# Vessel INTEGRITY Voyage EB748-ITG



## cipher5 (Aug 20, 2007)

Mine still says En Route as well, I hope its way off at by some miracle arrives at my BMW Center


----------



## aba030 (Jun 20, 2007)

I just called the European Delivery department. My car was released to the carrier today (meaning it's already cleared customs and been processed at the VDC), and it's scheduled to arrive at my dealer on 12/28. Seems a little crazy that it will take 11 days to get my car from NY to DC.


----------



## cipher5 (Aug 20, 2007)

I called the ED department, they said to my dealer on the 31st 

Work order was closed today.


----------



## murmur11 (Apr 3, 2007)

I'm in DC area too... I guess you will be picking up at Passport but I can't beleive that it will take 11 days.. it's only 4~5 hours driving..


----------



## aba030 (Jun 20, 2007)

Yes, I ordered through Joern Esser at Passport. I know it might take a few days to find a truck to put my car on, but 10 days? Maybe I should take a train to NY and drive the car back myself.


----------



## cipher5 (Aug 20, 2007)

I think I'm going to be sick.


----------



## murmur11 (Apr 3, 2007)

Ahh.. All I wanted for Chrismas is Redelivery...

I'm taking an Advil...


----------



## cipher5 (Aug 20, 2007)

There's just no way it would take 2 weeks to fill a truck and bring the car to Chicago. I'm sure tons of BMWs come this way on a weekly basis.


----------



## sollem1 (Dec 11, 2007)

Anyone know if the Integrity has reached Charleston yet?


----------



## cipher5 (Aug 20, 2007)




----------



## gpalmer1971 (Sep 1, 2007)

Still shows En Route...what is the ED Department phone number?


----------



## TranPlanner (Jul 9, 2007)

*Charleston?*

Wallenius has it arriving in Charleston on December 16th.


----------



## aba030 (Jun 20, 2007)

gpalmer1971 said:


> Still shows En Route...what is the ED Department phone number?

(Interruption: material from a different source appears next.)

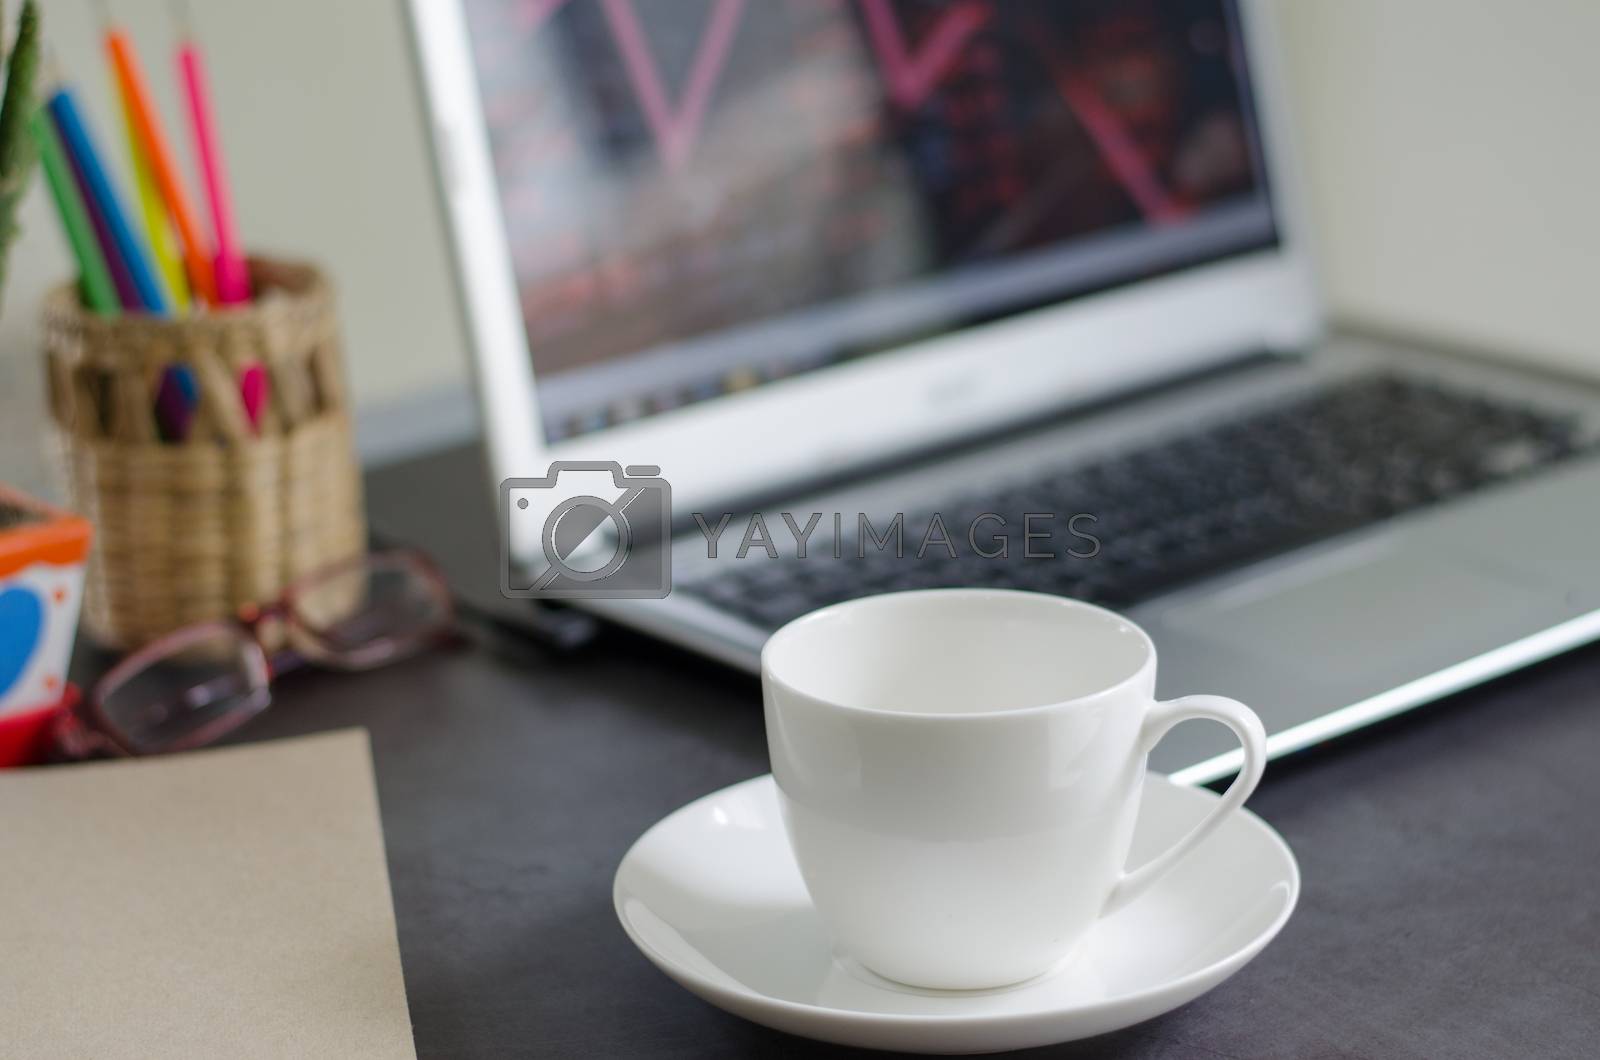 Royalty free image of Coffee mugs and laptops on work desk at home. by kitti

ED phone number is 800.932.0831. If I remember correctly, they're open from 8:30am to 4:30pm (EST).


----------



## gpalmer1971 (Sep 1, 2007)

Thanks A. I called; got the automated update which was the same info on OC.


----------



## aba030 (Jun 20, 2007)

gpalmer1971 said:


> Thanks A. I called; got the automated update which was the same info on OC.


Call during business hours and the phone will be answered by a representative who will be able to look up your vehcile in the system using the last 7 digits of your VIN. The reps have more up-to-date information than the OC or the automated system.


----------



## gpalmer1971 (Sep 1, 2007)

Called and got a live person. T'was delivered to Port Jersey they say yesterday and a work order opened - didn't know what for. Could that be for the tools i took out of the trunk? Hope there was no damage in transit. I'll check later in the week.

I guess that means it's at the VPC? So OC [IS] behind!


----------



## raleedy (Sep 22, 2007)

Well, apparently this time the OC was more up to date than everyone else. My CA and ED department today said the car was "at the port"; the OC said "at the VDC". Then later today I got a delivery date. But the good news ends there. The delivery date (at the Performance Center) is January 25.


----------



## cipher5 (Aug 20, 2007)

I got word from the ED office the car left on a truck, looks like I might have it this week after all!


----------



## raleedy (Sep 22, 2007)

Depends, I guess, on whose truck it was!


----------



## sollem1 (Dec 11, 2007)

My 335i reached Charleston, SC on 12/16, and as of yesterday, 12/18 my car was released to carrier. My CA mentioned that it should be received at the dealership today or tomorrow!! Now that's a quick turnaround!


----------